Data items

*** Begin section ***

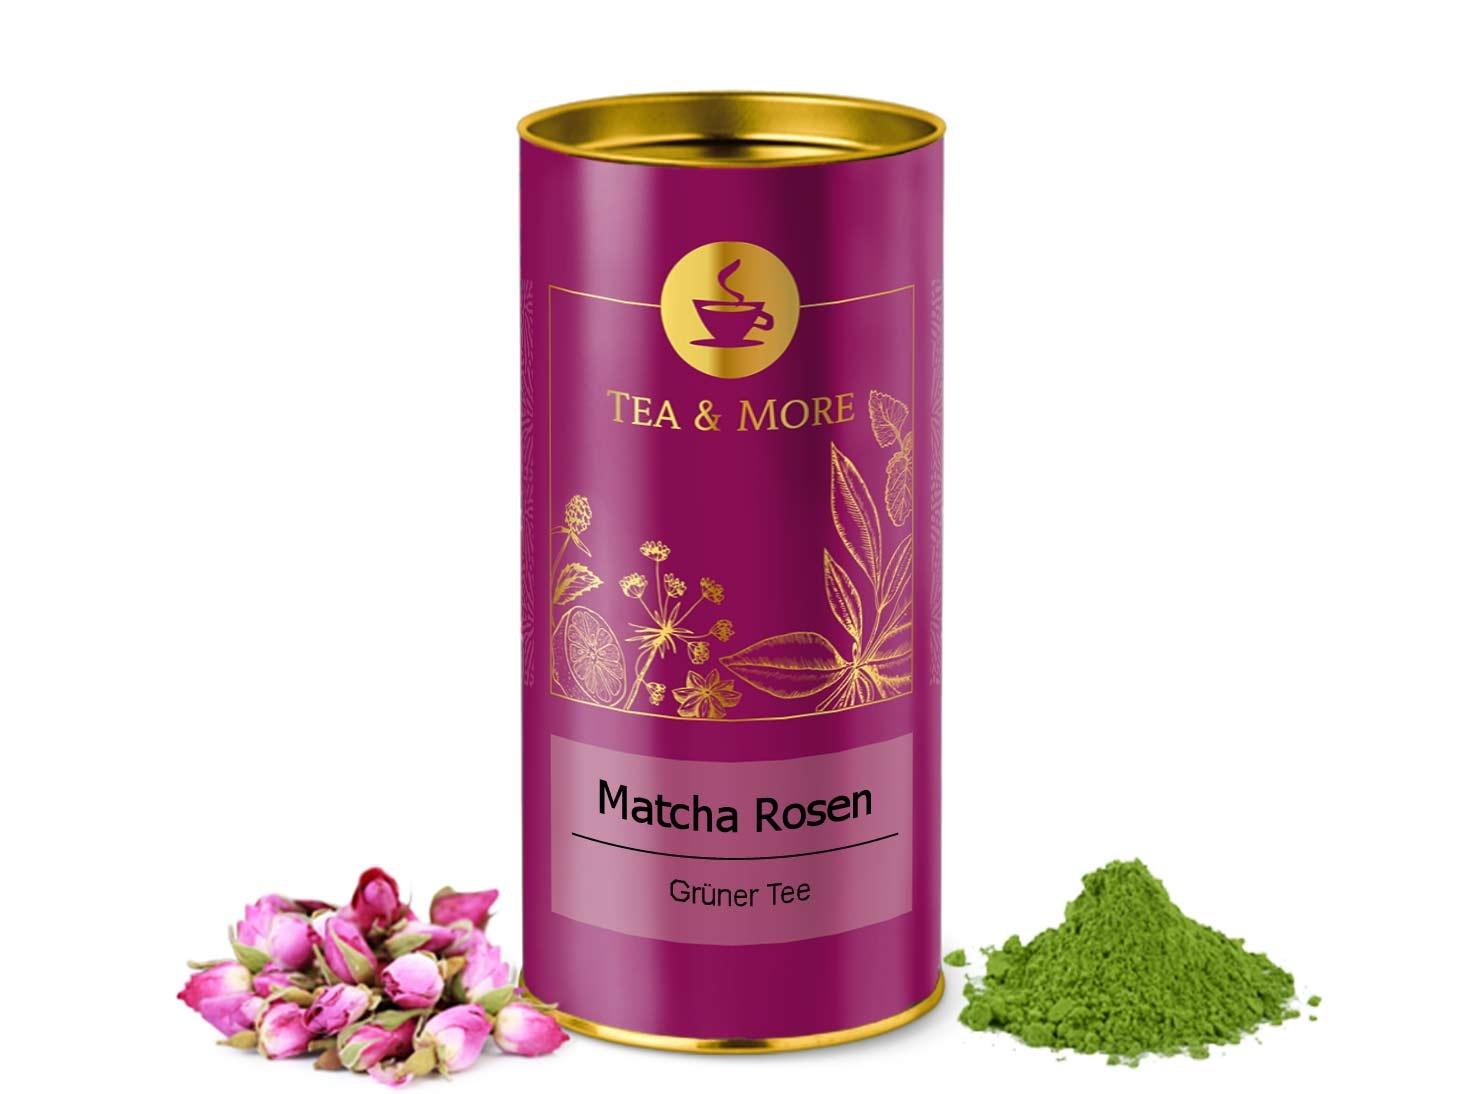 Matcha & Rosen
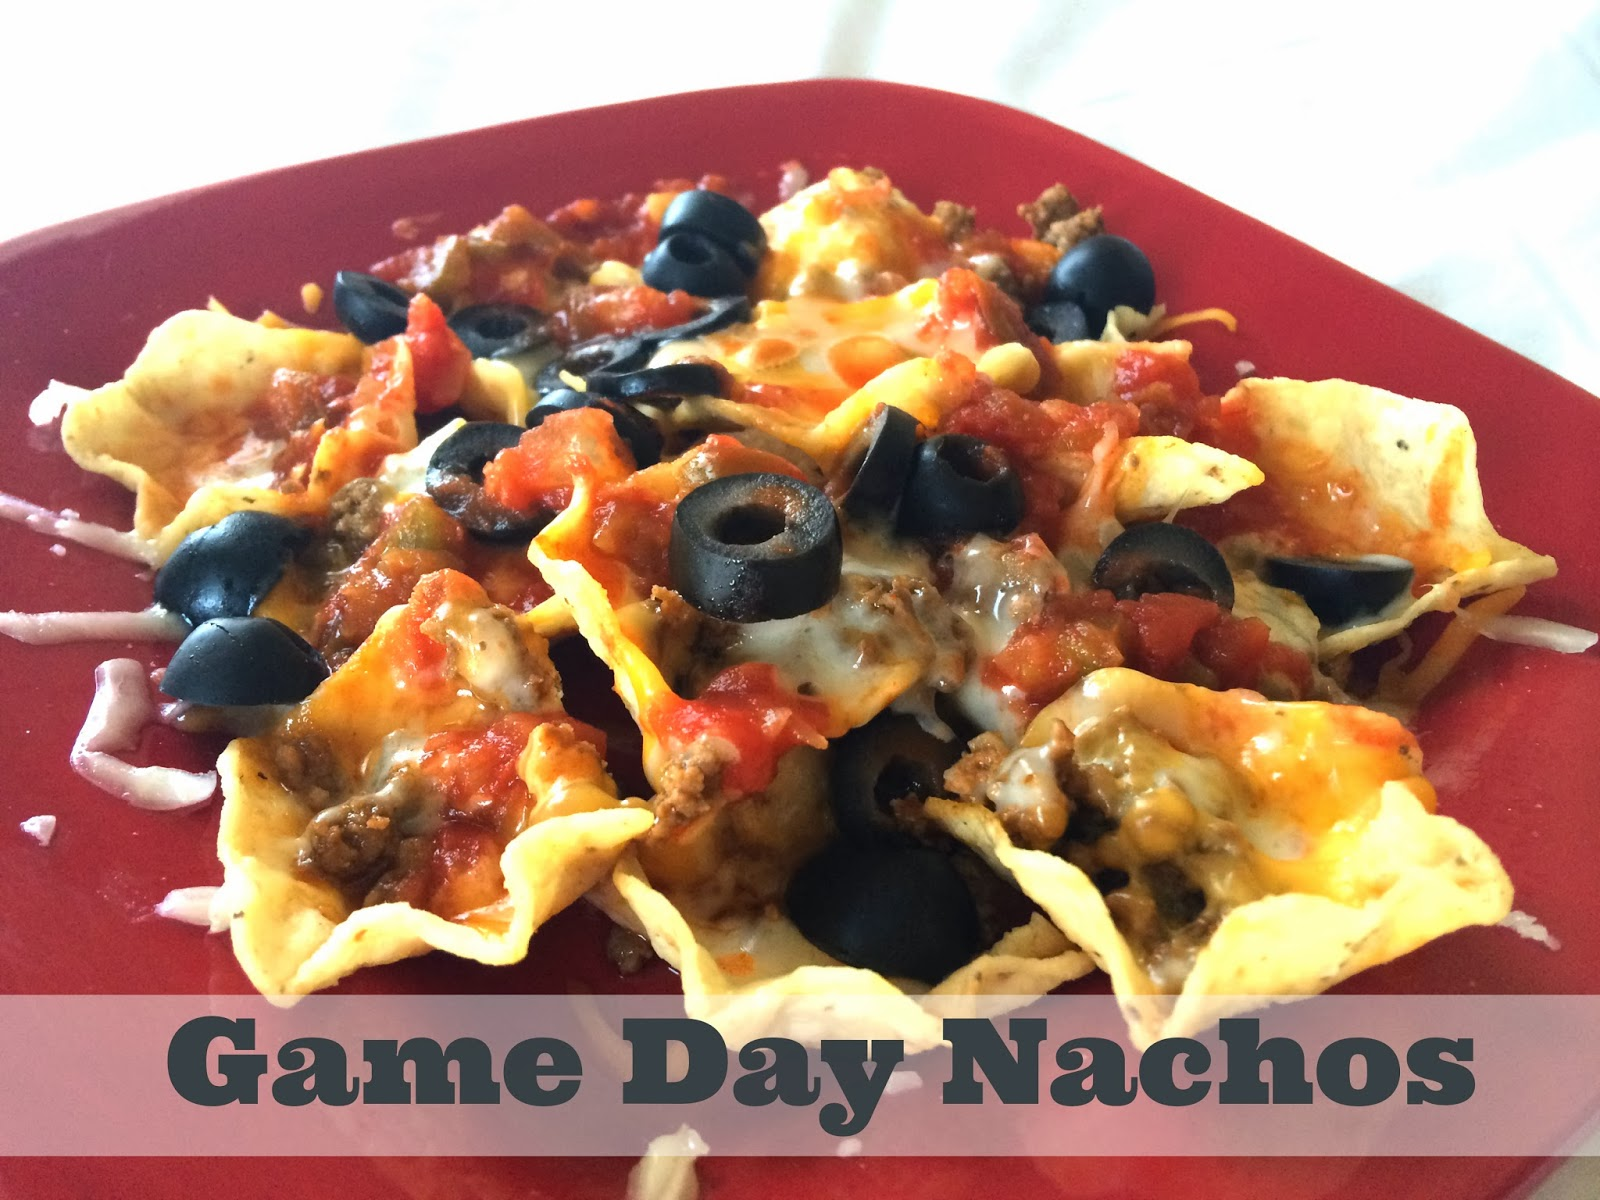 http://www.thisbeautifullifeblog.com/2014/01/game-day-nachos.html
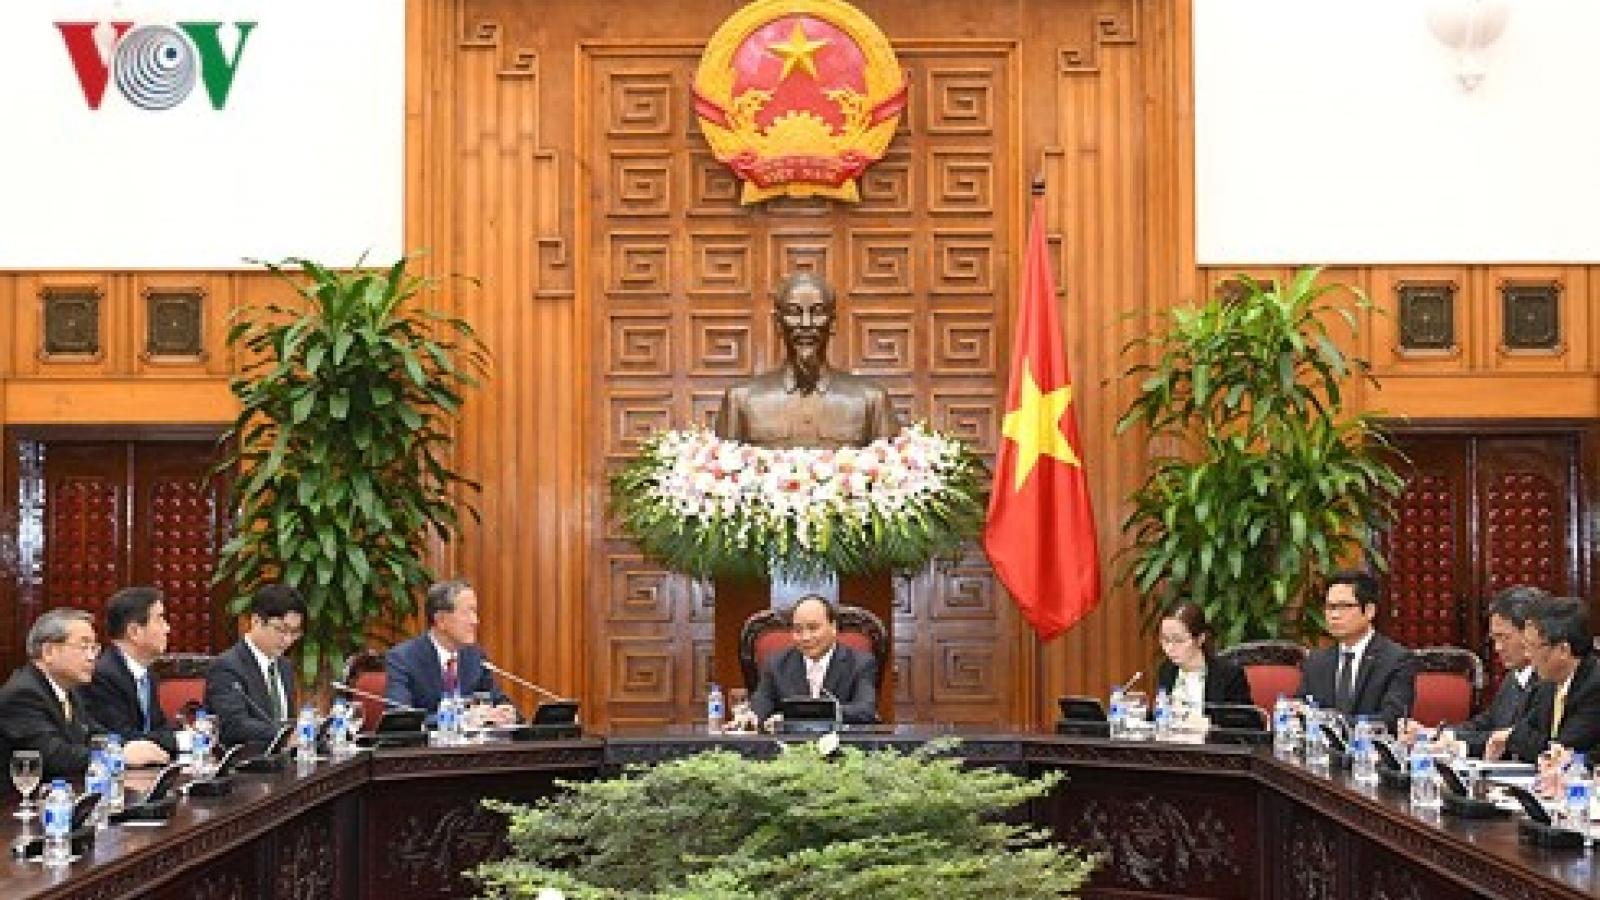 PM Phuc appreciates RoK's continued investments in Vietnam
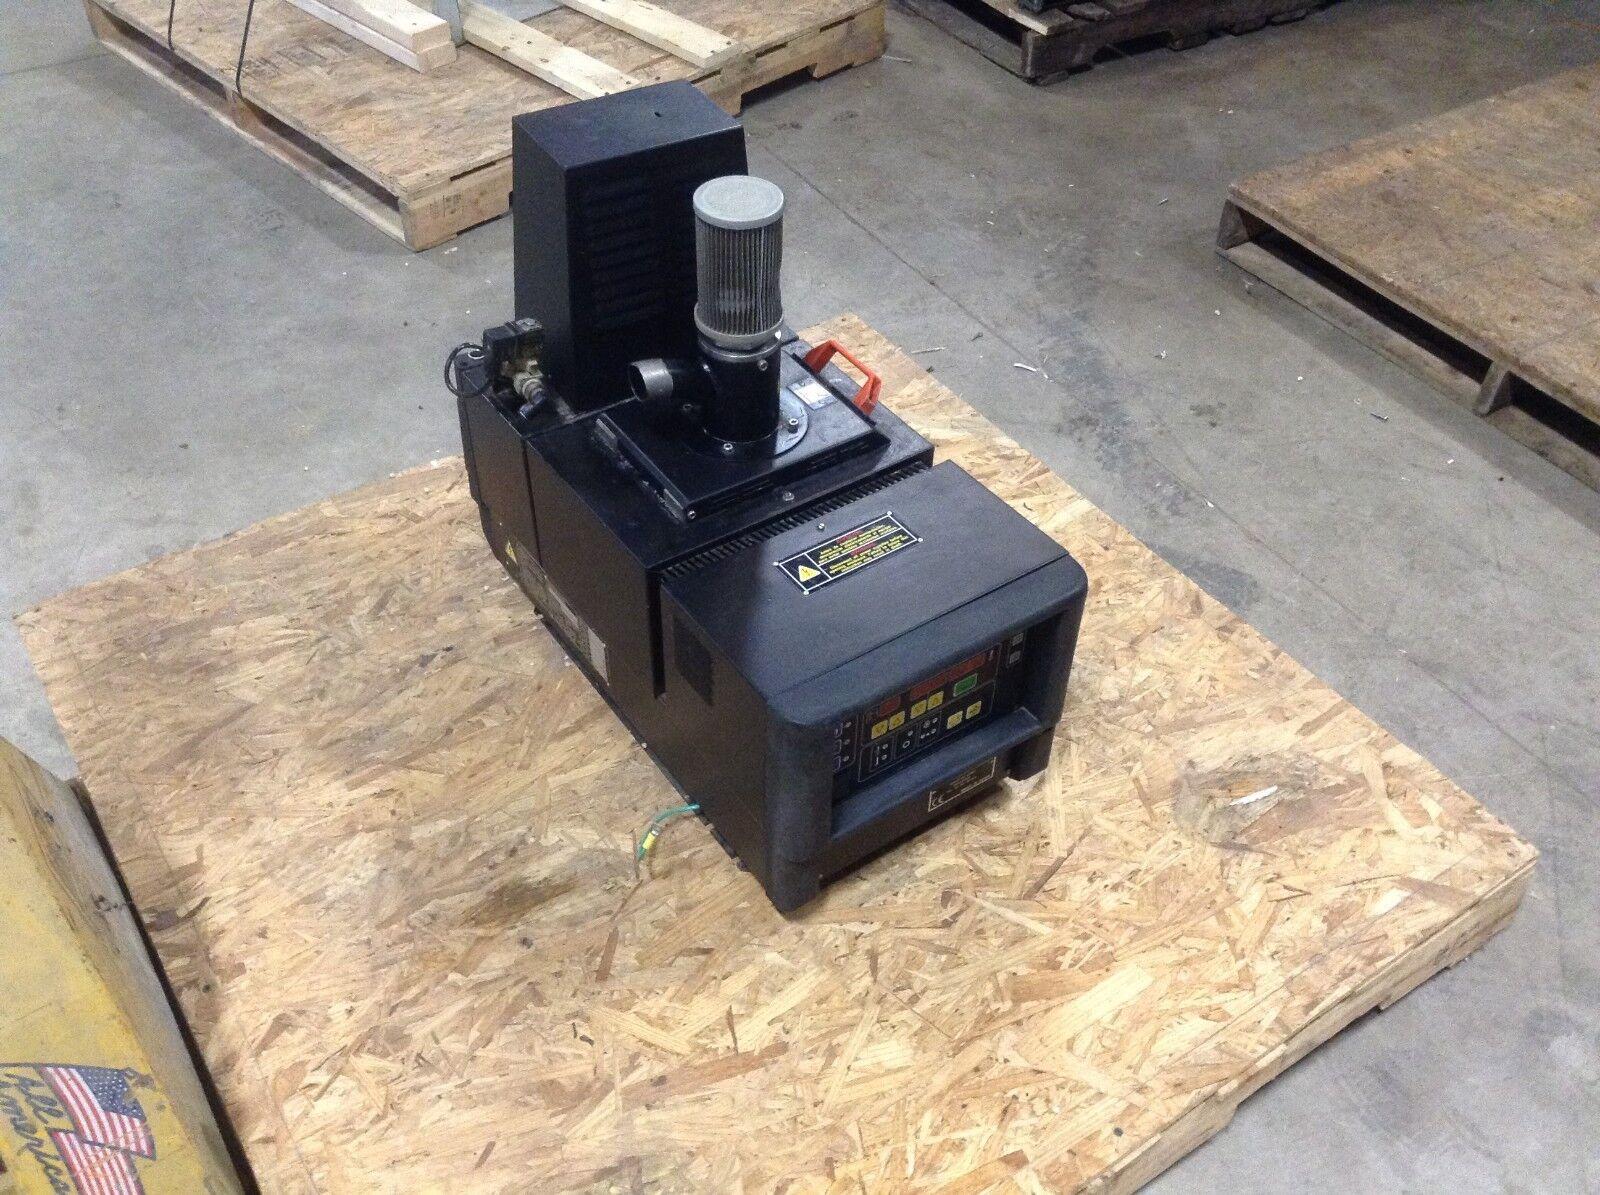 Melton 8KG Hot Glue Adhesive Unit 2900 W 230-400 V Control 33 Easy Pac
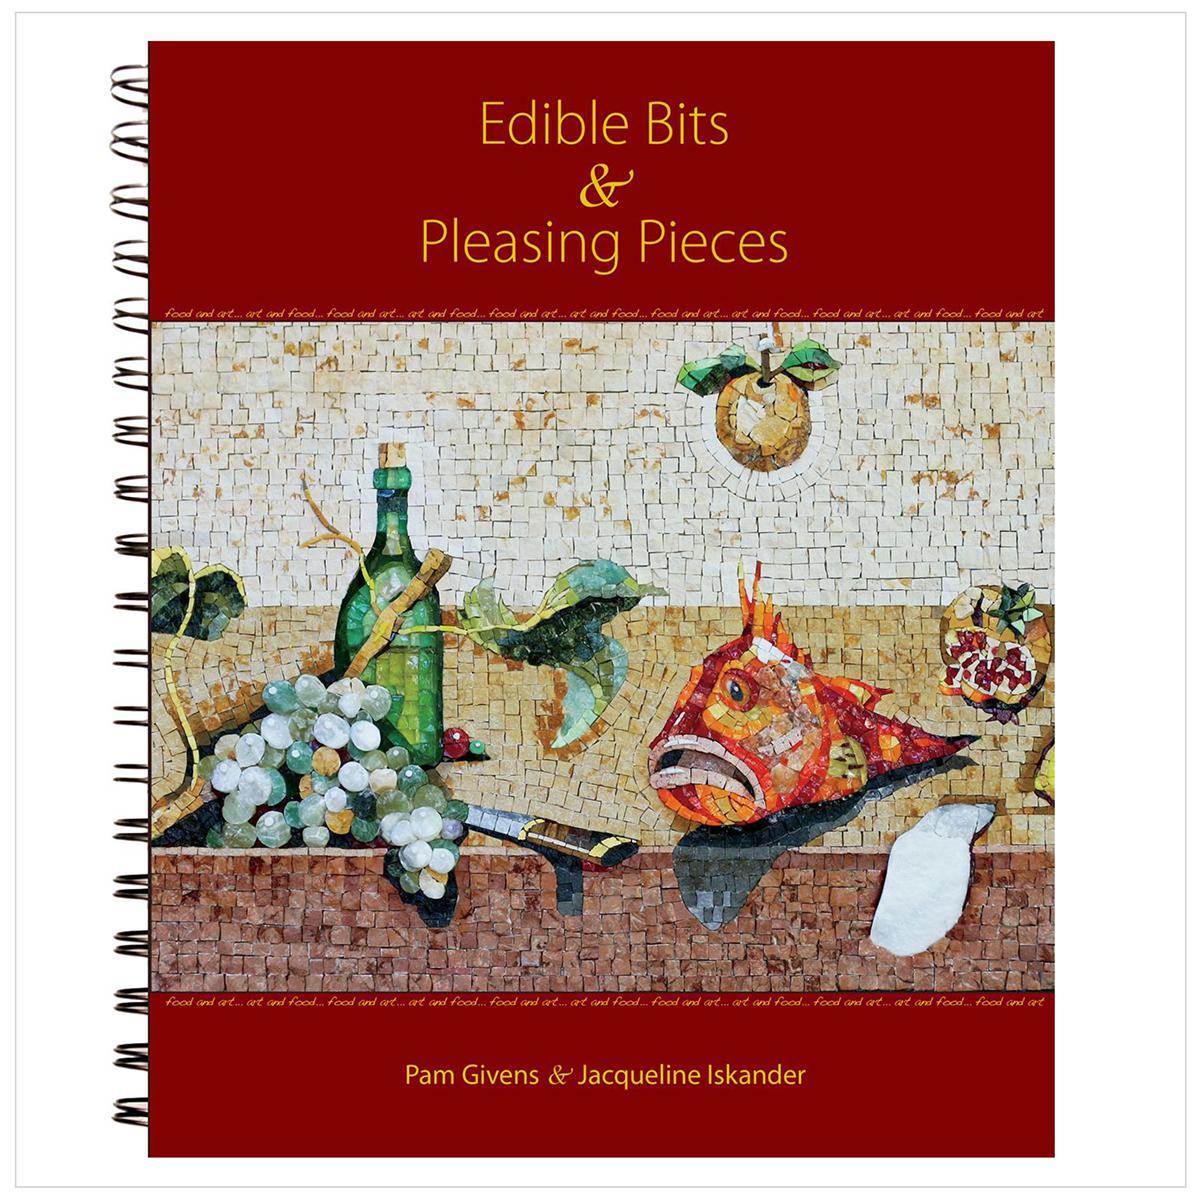 Edible Bits & Pleasing Pieces

*** End section ***

Each record above should be returned unchanged, except that the pictures are dropped.

 Matcha & Rosen
 http://www.thisbeautifullifeblog.com/2014/01/game-day-nachos.html
 PM Phuc appreciates RoK's continued investments in Vietnam
 Melton 8KG Hot Glue Adhesive Unit 2900 W 230-400 V Control 33 Easy Pac
 Edible Bits & Pleasing Pieces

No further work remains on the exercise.